The allegations upon which the plaintiff bases his motion for class certification concerns the use of squadrols to transport arrestees. General Order 78-1, V of the City of Chicago, the plaintiff contends, requires that all arrestees be transported by police squadrol to various detention centers.3 The plaintiff seeks to certify as a class all persons who have been, are now being, or will be arrested by police officers of the City of Chicago and transported in squadrols maintained by the City of Chicago that are subjected to the following conditions and practices:

a) arrestees are placed in squadrols with their hands handcuffed behind them;
b) arrestees are placed in squadrols which have no devices, including seat belts, which will prevent arrestees from falling or allow arrestees to restrain themselves from being subjected to otherwise injurious movement;
c) arrestees are placed in squadrols, the interiors of which are made entirely of metal and do not have protective padding;
d) arrestees are placed in squadrols in which there is insufficient light to allow [947]*947police driving the squadrol to ascertain the condition of the arrestee being transported;
e) arrestees are placed in squadrols which do not allow sufficient observation of arrestees by police;
f) police personnel are not required to ride in the same compartment as arrestees so as to insure their safety.

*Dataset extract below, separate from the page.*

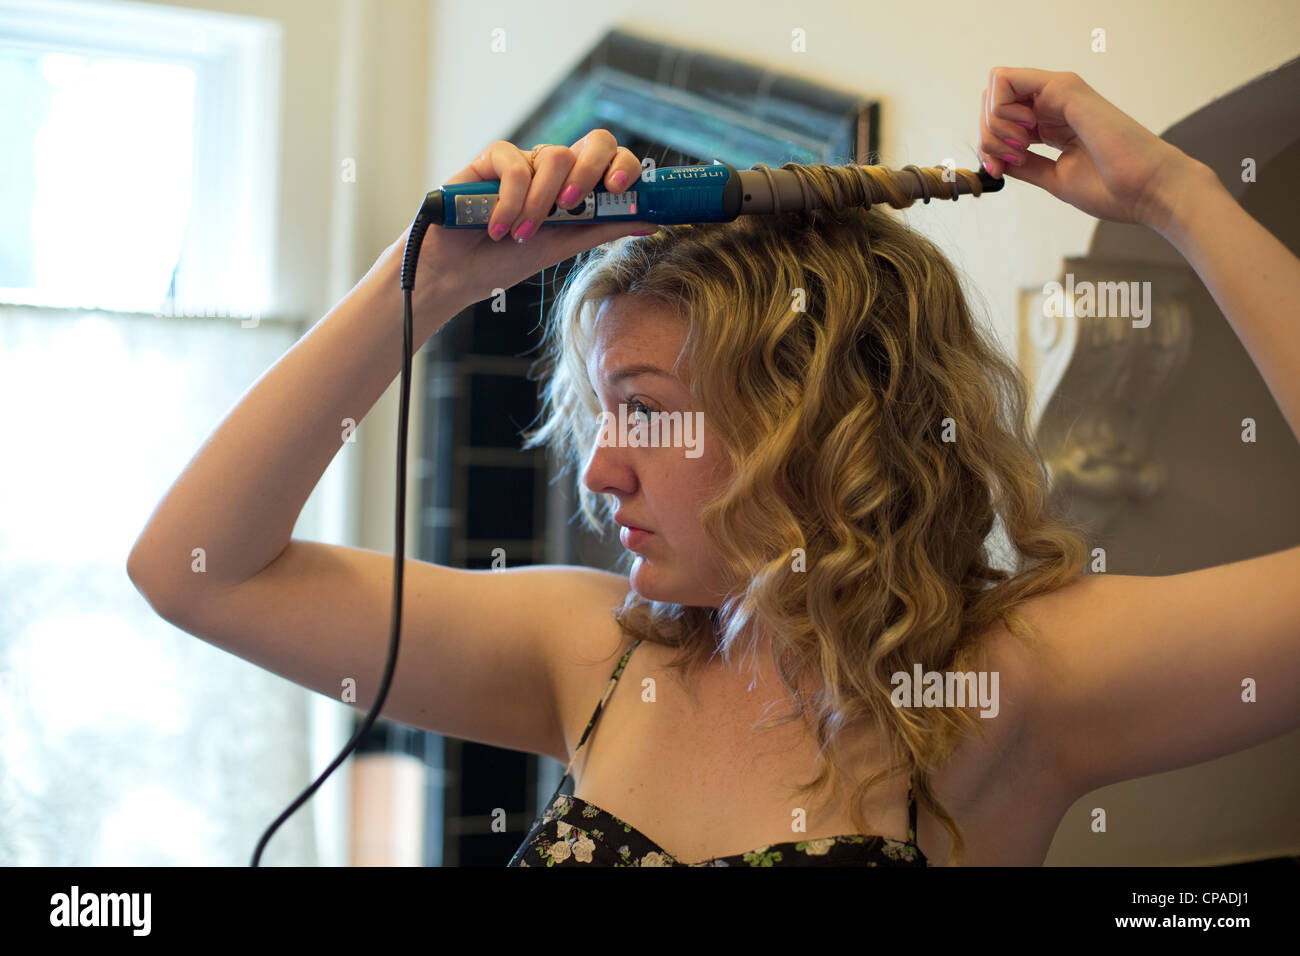 Mariel West, 24, utilizza un ferro arricciacapelli per arricciare i capelli  Foto stock - Alamy

Specifically, the plaintiff claims that the described practices and procedures violate an arrestee’s Fourth Amendment right to be free from unreasonable seizure of the person and an arrestee’s Ninth and Fourteenth Amendment right to be free from intrusions to his person and to be free from summary punishment. As class relief, the plaintiff seeks (1) a declaration that the complained of practices and conditions are unconstitutional; and (2) an injunction against future utilization of the squadrols and practices currently maintained by the City of Chicago. Individually, the plaintiff seeks identical declaratory and injunctive relief as well as monetary damages.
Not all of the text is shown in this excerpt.